Résumé de la décision
M. G E et Mme A E, agissant en leur nom propre et en tant que représentants légaux de leurs enfants mineurs, ont introduit une requête pour annuler une décision implicite de l'autorité consulaire française à Téhéran qui avait refusé d'enregistrer leur demande de visa de long séjour. Ils ont également demandé une injonction pour que le ministre de l'intérieur et des outre-mer convoque Mme E et les enfants dans un délai de sept jours. Cependant, après l'enregistrement des demandes de visa par l'autorité consulaire, la décision contestée a été implicitement retirée, rendant les conclusions d'annulation et d'injonction sans objet. Le tribunal a donc décidé qu'il n'y avait pas lieu de statuer sur ces conclusions, tout en accordant une somme de 800 euros à l'avocat de M. E au titre des frais de justice.
Arguments pertinents
1. Absence de décision contestable : Le tribunal a constaté que la décision attaquée avait été retirée suite à l'enregistrement des demandes de visa, ce qui a rendu les conclusions d'annulation et d'injonction sans objet. Le tribunal a affirmé : "Ainsi, la décision attaquée a implicitement mais nécessairement été retirée. Dans ces conditions, les conclusions de M. et Mme E aux fins d'annulation et d'injonction sous astreinte sont devenues sans objet."
2. Aide juridictionnelle : Le tribunal a également pris en compte le fait que M. E avait bénéficié de l'aide juridictionnelle totale, ce qui a permis à son avocat de demander une indemnisation au titre des frais de justice. Le tribunal a statué : "Il y a lieu, dans les circonstances de l'espèce, et sous réserve que l'avocat du requérant renonce à percevoir la somme correspondant à la part contributive de l'Etat, de mettre à la charge de l'Etat la somme de 800 euros."
Interprétations et citations légales
1. Article R. 222-1 du code de justice administrative : Cet article permet aux présidents de tribunal administratif de constater qu'il n'y a pas lieu de statuer sur une requête lorsque celle-ci ne présente plus d'objet.
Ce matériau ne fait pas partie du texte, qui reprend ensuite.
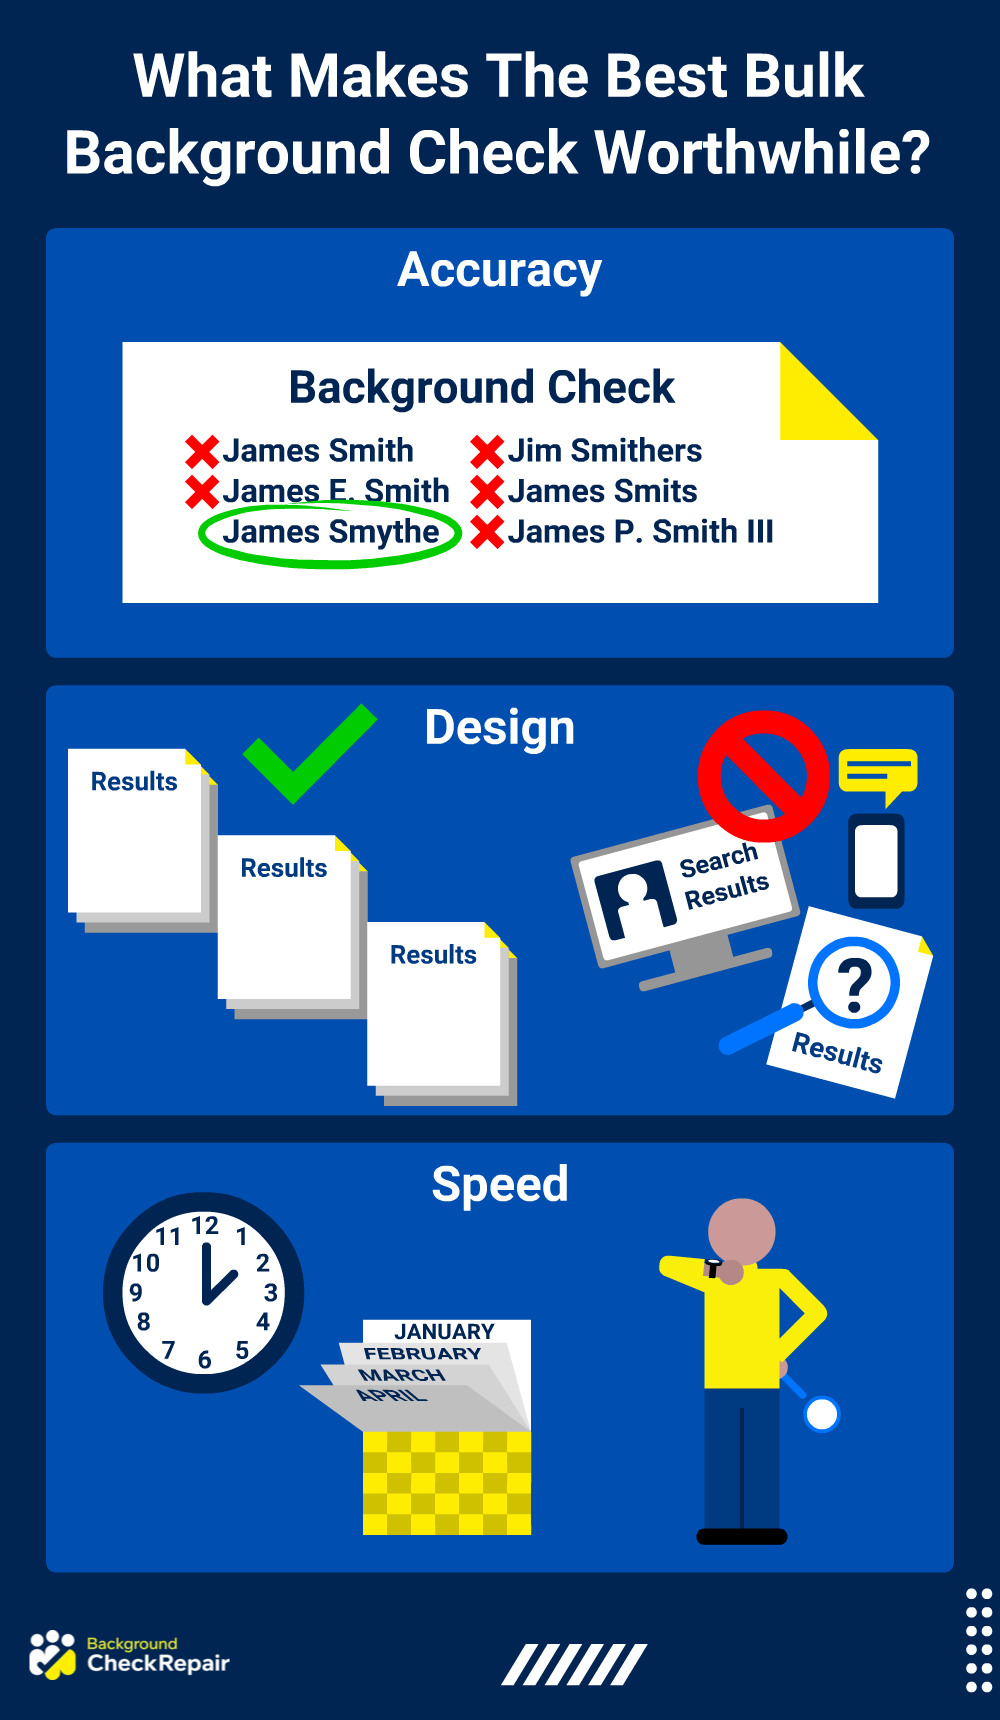 Graphic showing what makes the best bulk background check worth it, including bulk tenant background checks and roughly how many employers conduct background checks and background checks for thousands of workers by focusing on accuracy, speed and design.

Le tribunal a appliqué cet article pour justifier sa décision de ne pas statuer sur les conclusions d'annulation et d'injonction, en précisant que "les présidents de tribunal administratif peuvent, par ordonnance : (...) 3' Constater qu'il n'y a pas lieu de statuer sur une requête."
2. Article L. 761-1 du code de justice administrative : Cet article prévoit la possibilité pour le tribunal d'accorder une indemnité à l'avocat d'une partie ayant bénéficié de l'aide juridictionnelle. Le tribunal a fait référence à cet article pour justifier l'octroi de 800 euros à l'avocat de M. E, en indiquant que "M. E a obtenu le bénéfice de l'aide juridictionnelle totale. Ainsi, son conseil peut se prévaloir des dispositions des articles L. 761-1 du code de justice administrative."
3. Article 37 de la loi du 10 juillet 1991 : Cet article complète les dispositions de l'article L. 761-1 en précisant les modalités d'indemnisation des avocats dans le cadre de l'aide juridictionnelle. Le tribunal a mentionné cet article pour soutenir sa décision d'indemnisation, en précisant que "sous réserve qu'il renonce à percevoir la somme correspondant à la part contributive de l'État."
En somme, la décision du tribunal s'appuie sur des principes clairs du droit administratif, en tenant compte des évolutions de la situation des requérants et des dispositions légales relatives à l'aide juridictionnelle.